##### PROVIDED DATA #####

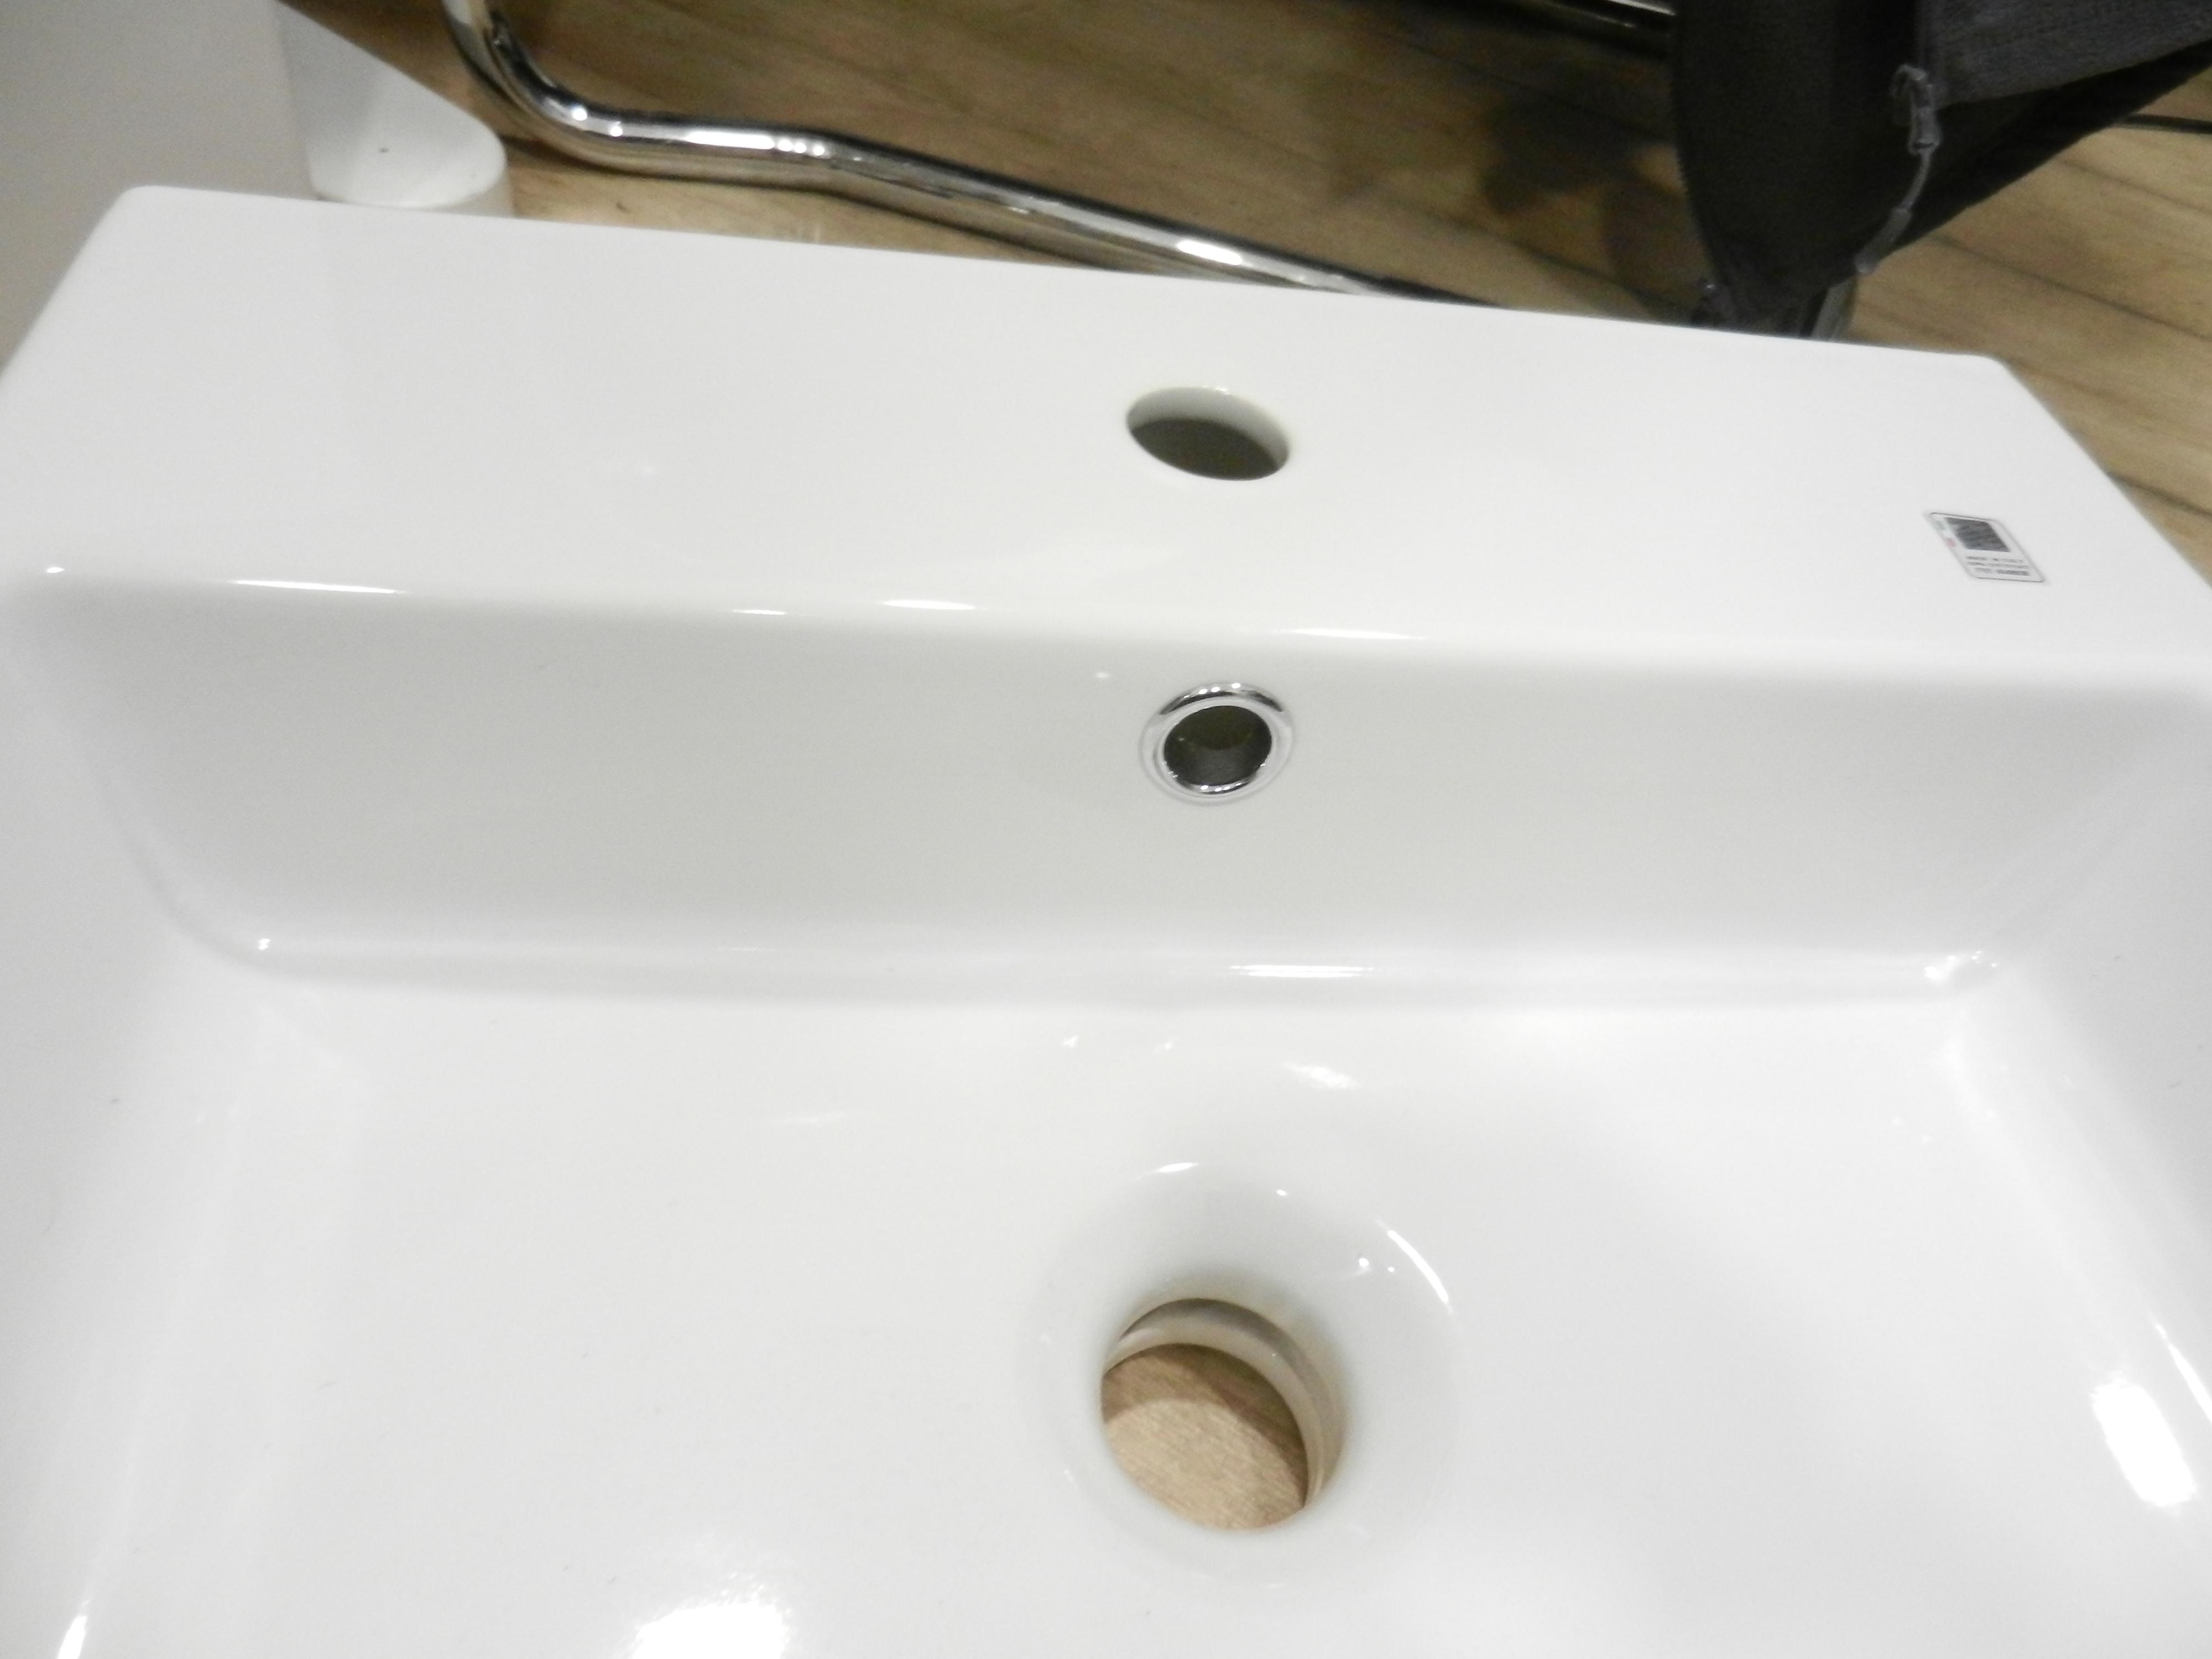 Italian Made Square Basin 46cm x 46cm 1 Tap Hole
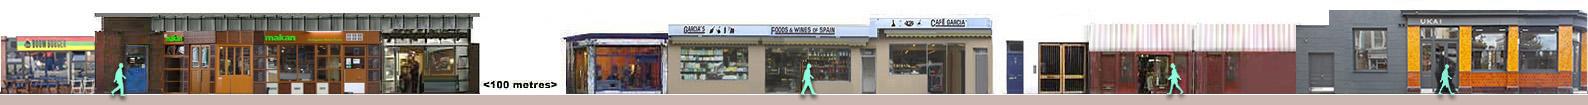 Portobello Road shops
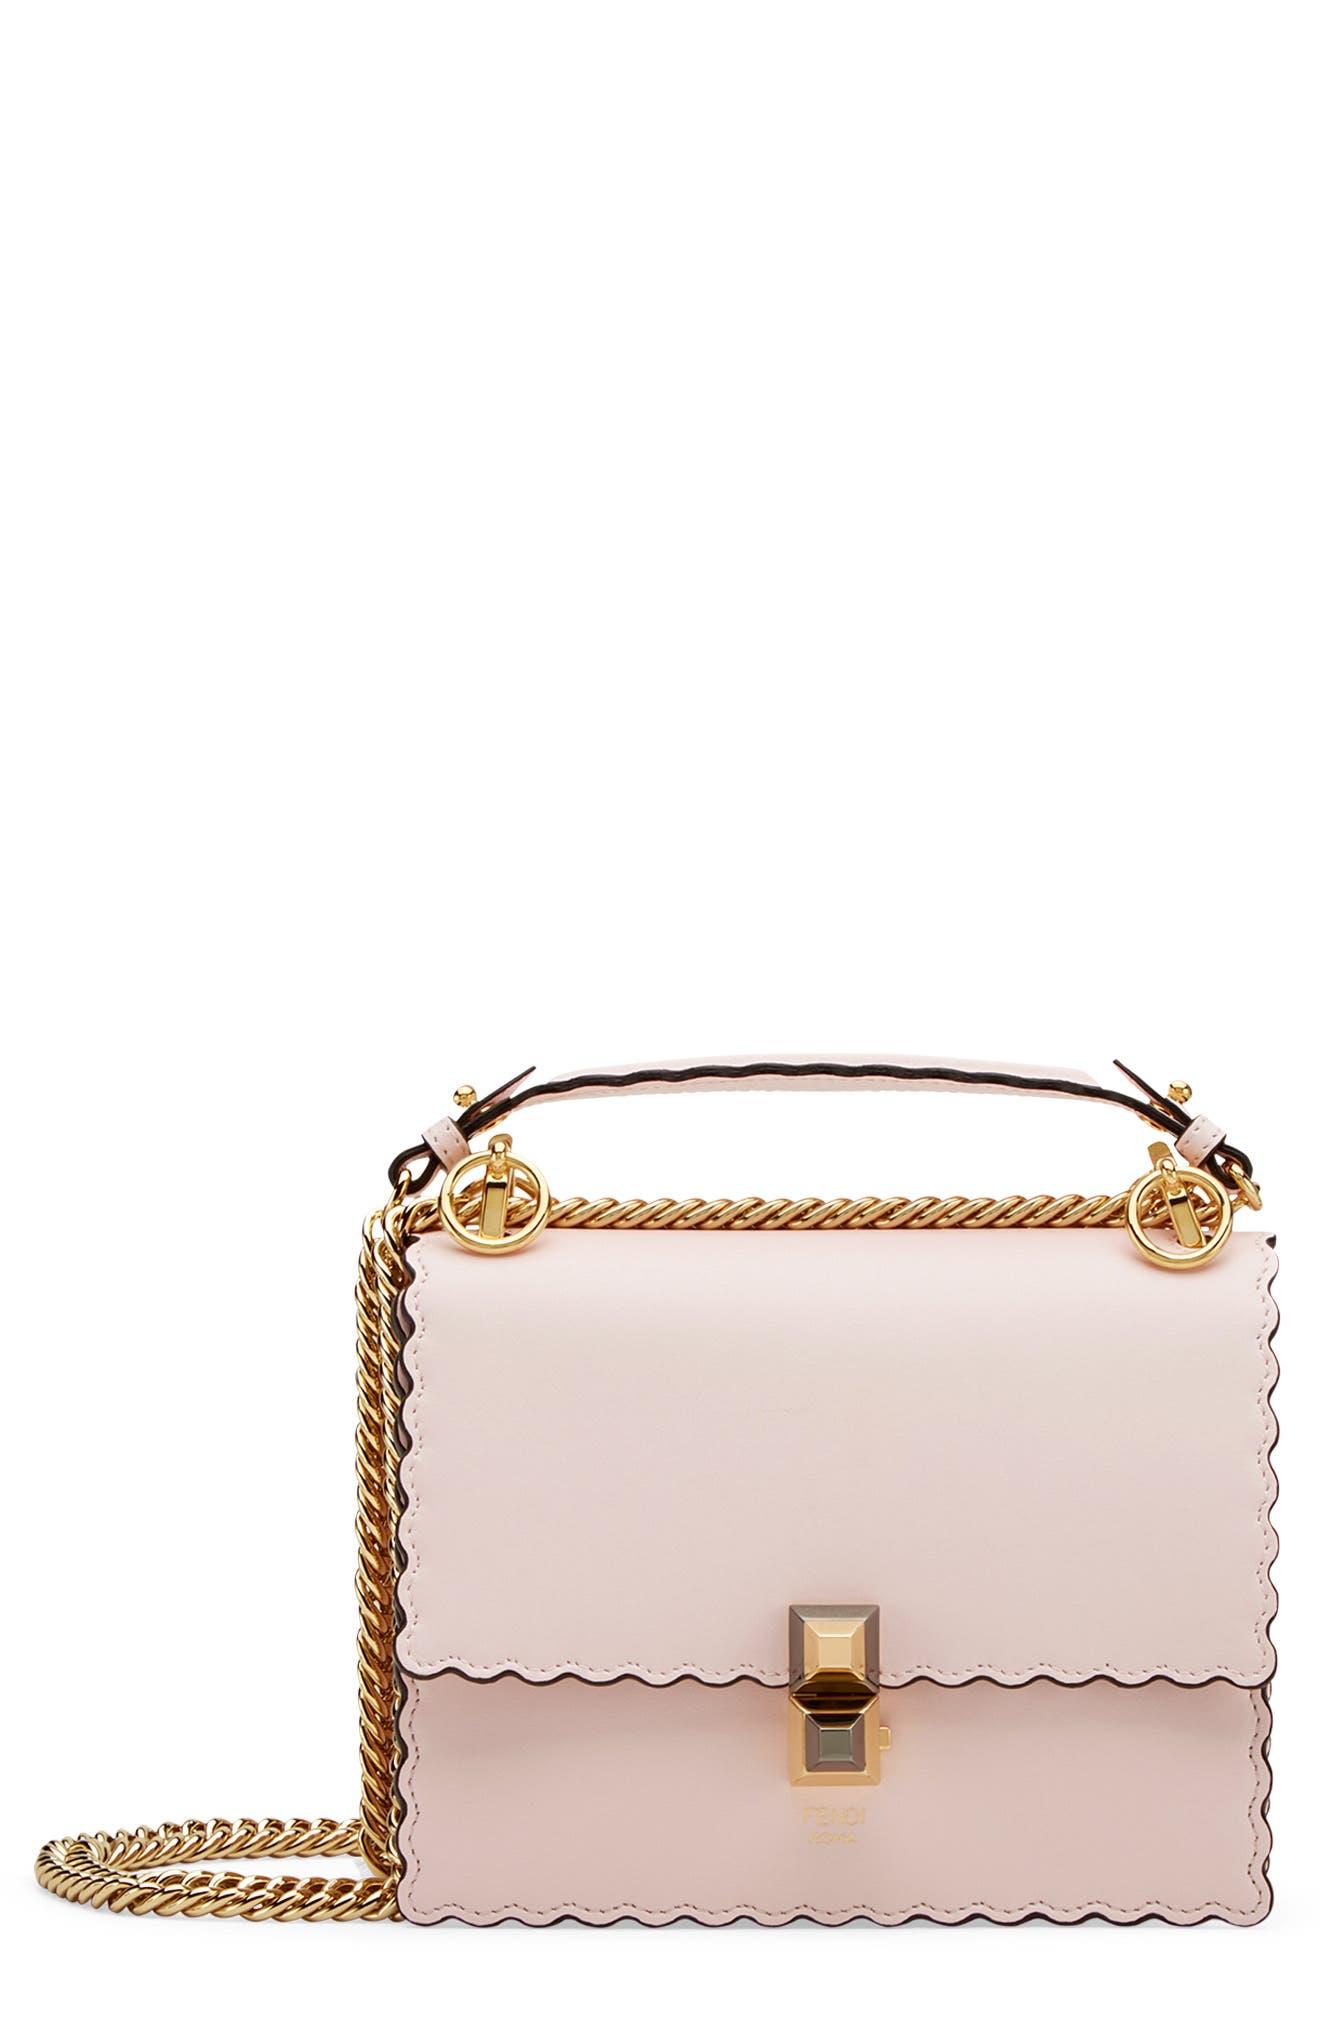 Mini Kan I Scalloped Leather Shoulder Bag,                             Main thumbnail 1, color,                             CONFETTO/ ORO SOFT

#####

With pictures omitted, reproduce exactly the lines from the line containing "Portobello Road shops" through the end of the data above.

→ **ANSWER BOX**
 Portobello Road shops
 Mini Kan I Scalloped Leather Shoulder Bag,                             Main thumbnail 1, color,                             CONFETTO/ ORO SOFT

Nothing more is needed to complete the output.